2.2 Predictive Variables Used in Credit Scoring Systems from the Brazilian Literature

It was carried out an investigation from the Brazilian specialized literature on the variables used in credit scoring applications, involving 36 articles, dissertations, and theses. The research results, describing the identified list of variables are presented in Table 41.3, in frequency tabulation mode.

Table 41.3 List of variables resulting from the review of the Brazilian literature, tabulated by frequency

The socio demographic variables are similar, with slight differences, from the revisions made. It is observed that the income and age variables appear in all articles. As already commented, these variables probably have a high predictive power. Other variables of this type also have intersections with the reviews carried out.

The so-called financial and behavioral variables, that contain information about customer’s financial behavior, appear to be specific to the credit granting business and vary in application type.

In terms of number of variables to be used, in a research carried out by Aniceto [3], it was found that 53% of the surveyed articles used between 11 and 20 variables.

Finally, it has been observed that in the reviews, the socio demographic attributes are very similar, and attributes that characterize client’s financial behavior are highly dependent on the business domain.

Behavioral variables provided by the Brazilian enterprise are presented in Table 41.4 that presents attributes, a small description, and the used aggregation function.

Table 41.4 Additional behavioral attributes

The provided sample data set correspond to a period of almost 2 years of financial activities.

However, for this investigation, it was considered an initial period of 13 months (10/2015 up to 10/2016). This sample data set has been stored in tables of a Data Base Management System (DBMS), in order to allow a more appropriate manipulation.

3 Experiments

The following experiments were performed using a different samples strategy for training and testing classifiers. The logistic regression classifier was chosen for these experiments, mainly because assessments have shown that it performs better, when compared to other classifiers.

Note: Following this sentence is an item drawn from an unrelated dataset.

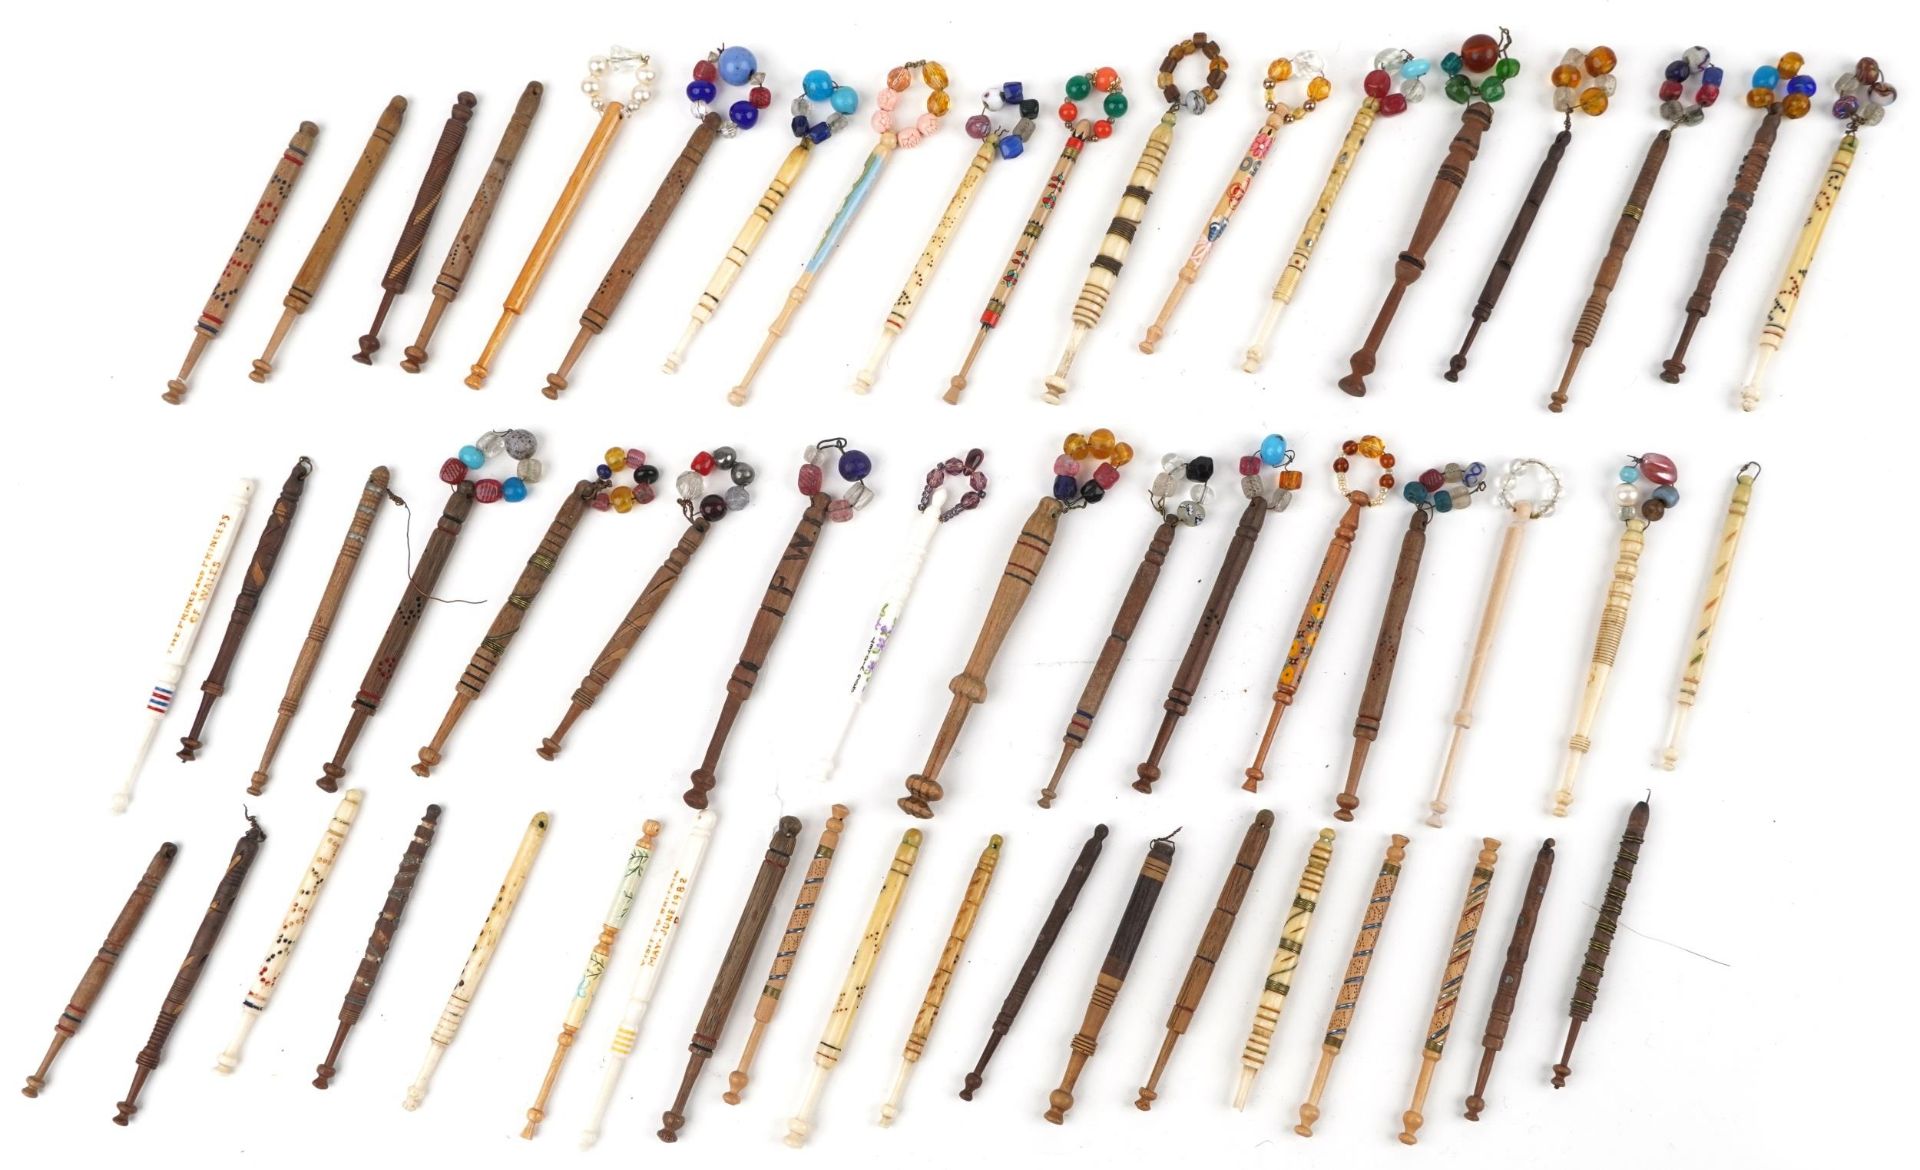 Collection of sewing interest carved bone and hardwood lace making bobbins with beads

One of the objectives of these experiments was to evaluate with past information, if it is possible to predict, with what performance and accuracy, future customer behaviors in terms of default patterns.

In order to implement these experiments, it was decided to use the Orange tool [5].

The created model is shown in Fig. 41.1, applying k-fold cross-validation (k = 10), where the initial data set was randomly partitioned into k subsets (folds) k1, k2, …, kk of mutually exclusive sizes of approximately equal size. Training and testing were performed k times, and for each iteration i, the subset Di was used as test set, and the other subsets were used for training the model [6, 11].

Fig. 41.1
figure 1

The created model in the orange tool

3.1 The Experiment Number 1

For the execution of this experiment 1, table bhs-band-2015-10-12-cadast-behav contains training samples and table bhs-band-2016-10-01-cadast-behav contains test samples.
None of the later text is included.